The combine function aggregates the two combiners. It should be faster than $$O(log(n))$$.

The parallel collections in Scala all have splitters and combiners through which the parallel algorithms are implemented in an uniform way.

Week 4: Data Structures for Parallel Computing

We saw that the Combiner interface is a useful tool to implementing parallel data structures in a unified way. But how should we implement efficient combiners for the most commonly used collections?

A combiner for sequences would implement the concatenation operation, while a combiner for sets/maps would implement union.
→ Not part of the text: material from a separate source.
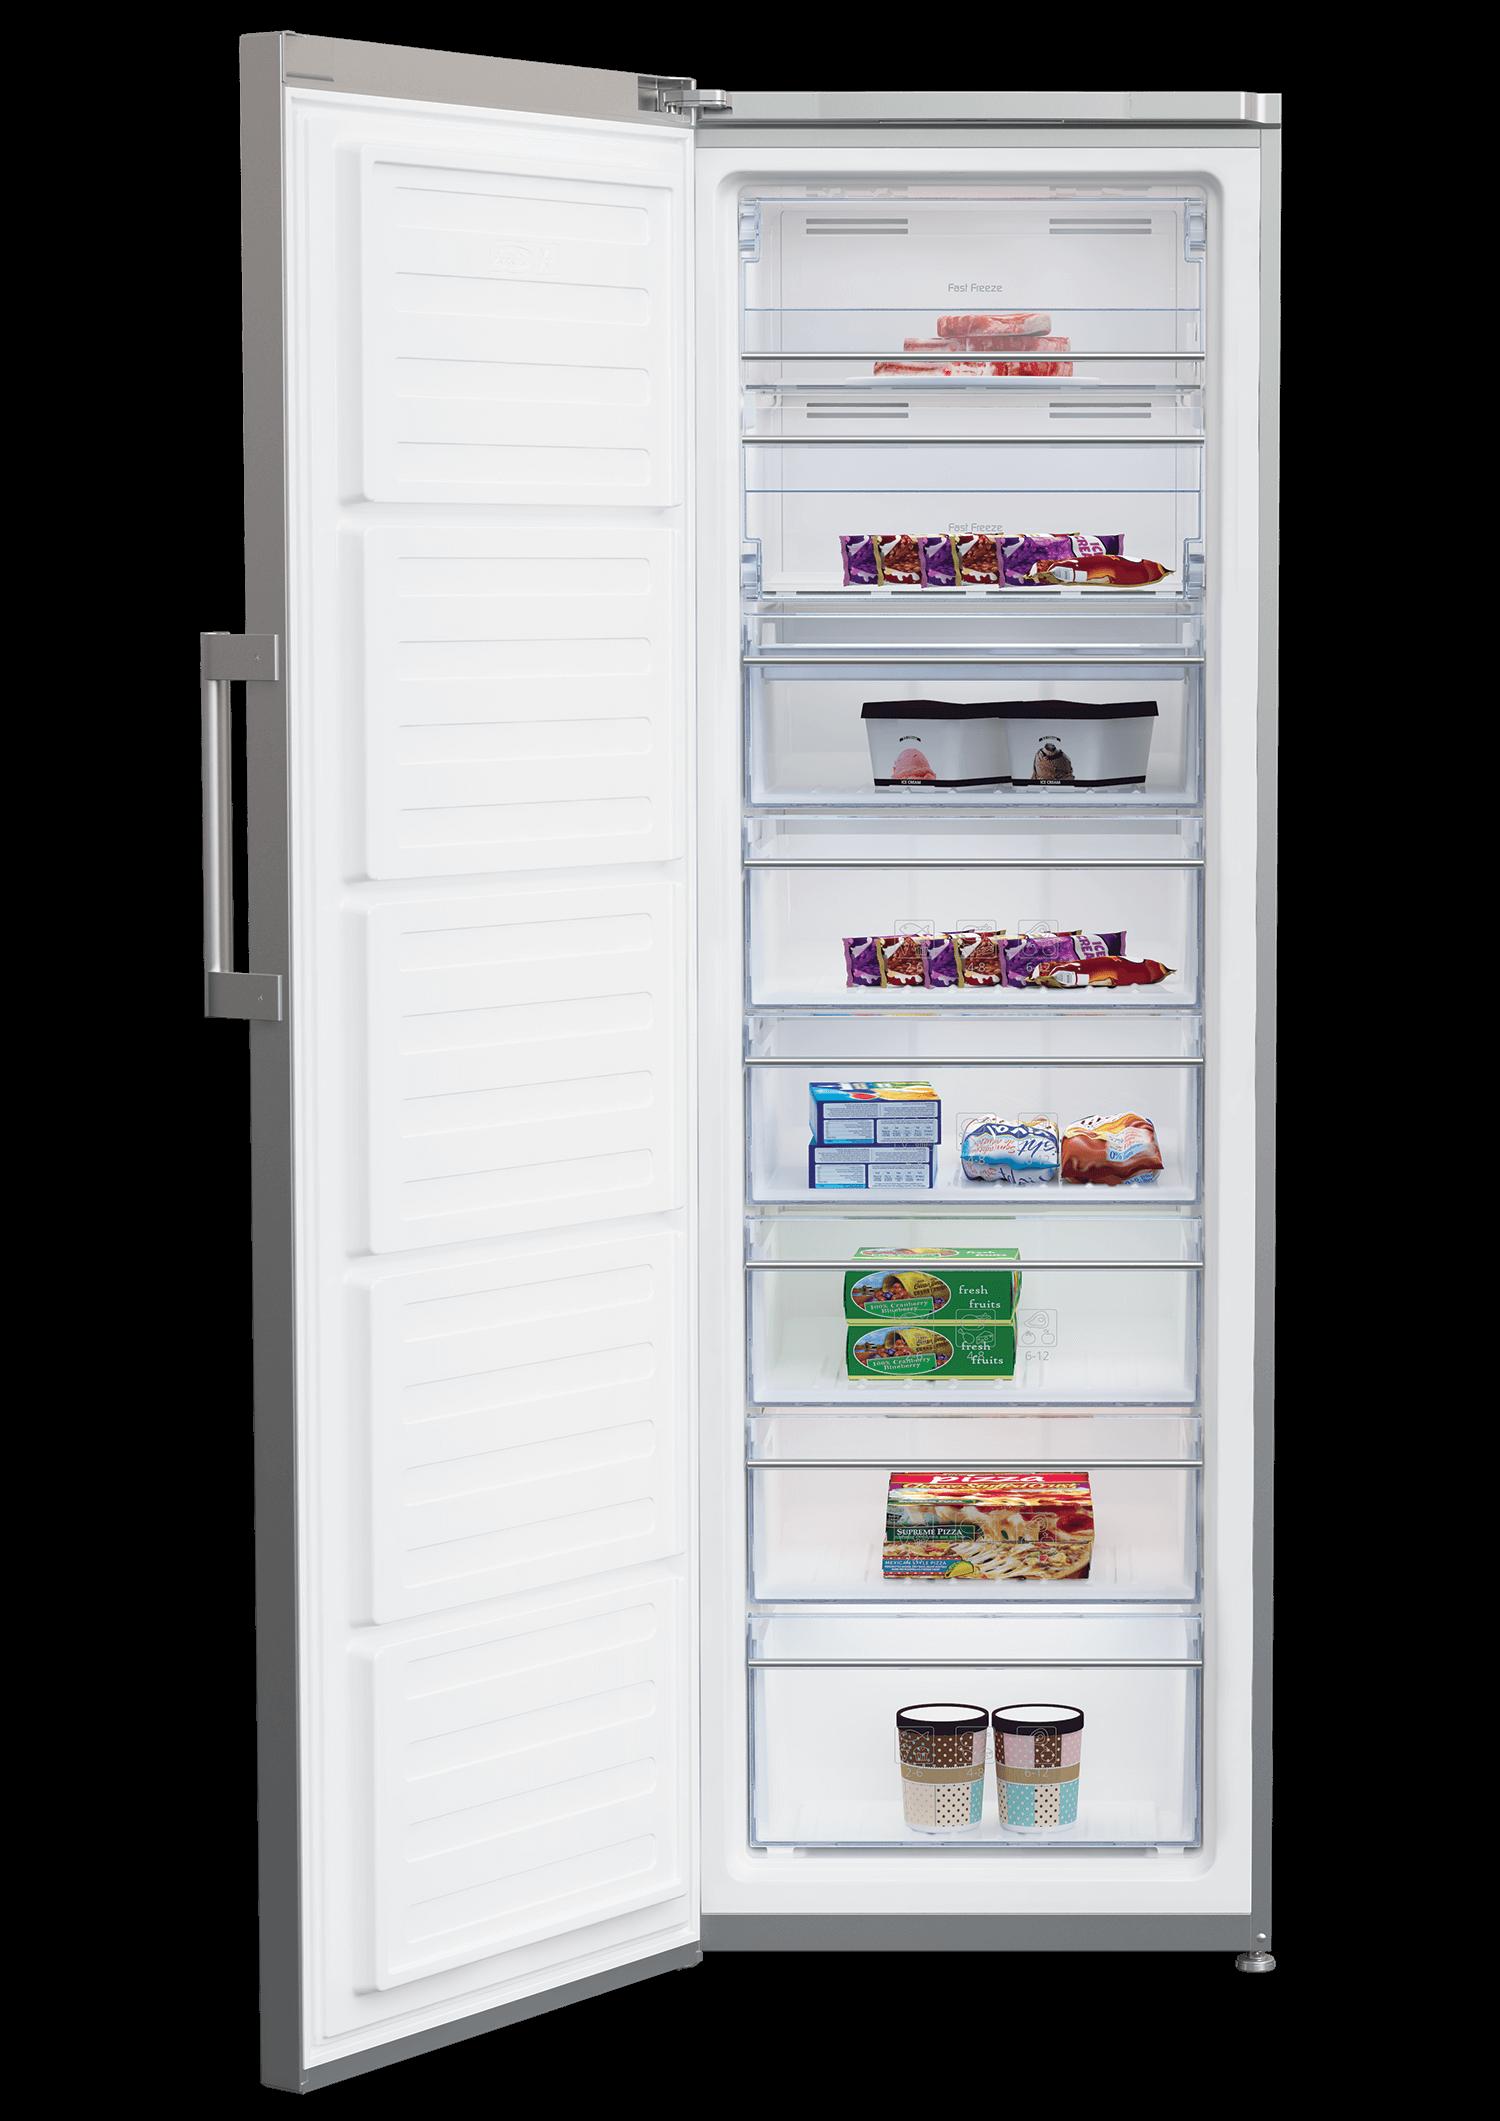 BEKO 350 Liter Upright Freezer RFNE350E23PX

However, arrays can’t be concatenated efficiently and most sets/maps take linear time for union.

Two-Phase Construction

To overcome these problems, most combiners use intermediate data structures. In other words, such combiners work in two phases. Firstly, they efficiently aggregate/combine elements (i.e. using += and combine) into the intermediate data structure. Secondly, they efficiently convert from this intermediate representation to target one (i.e. the Repr type parameter).

For example, the combiner for arrays is implemented with an array list (i.e. ArrayBuffer) of array lists of the actual elements - i.e. ArrayBuffer[ArrayBuffer[T]]. When a new element is added (with +=) to the combiner, it appends it to the last list, which has $$O(1)$$ complexity. When two array combiners are concatenated (with combine) their lists of lists are concatenated. This operation is linear with respect to the “outer lists”, but is on average logarithmic with respect to the total number of elements in the two collections. Finally, the underlying array lists can be combined into an array in linear time. This could be further improved by running the concatenation in parallel on multiple processors.

Similarly, we can implement efficient combiners for hash sets and maps. We can partition the hash codes into buckets corresponding to integer ranges. This allows for the element addition and union can be implemented efficiently. Converting back to original collection takes linear time and is parallelisable.

Conc-Trees

We saw that we can implement efficient combiners for arrays, hash sets, and hash maps. But how about trees? If a tree is no balanced then running parallel operations on it can be challenging.

Conc-Trees are binary tree data structures with efficient addition and union operations that maintain its balanced form. It can be used to implement efficient combiners for arrays.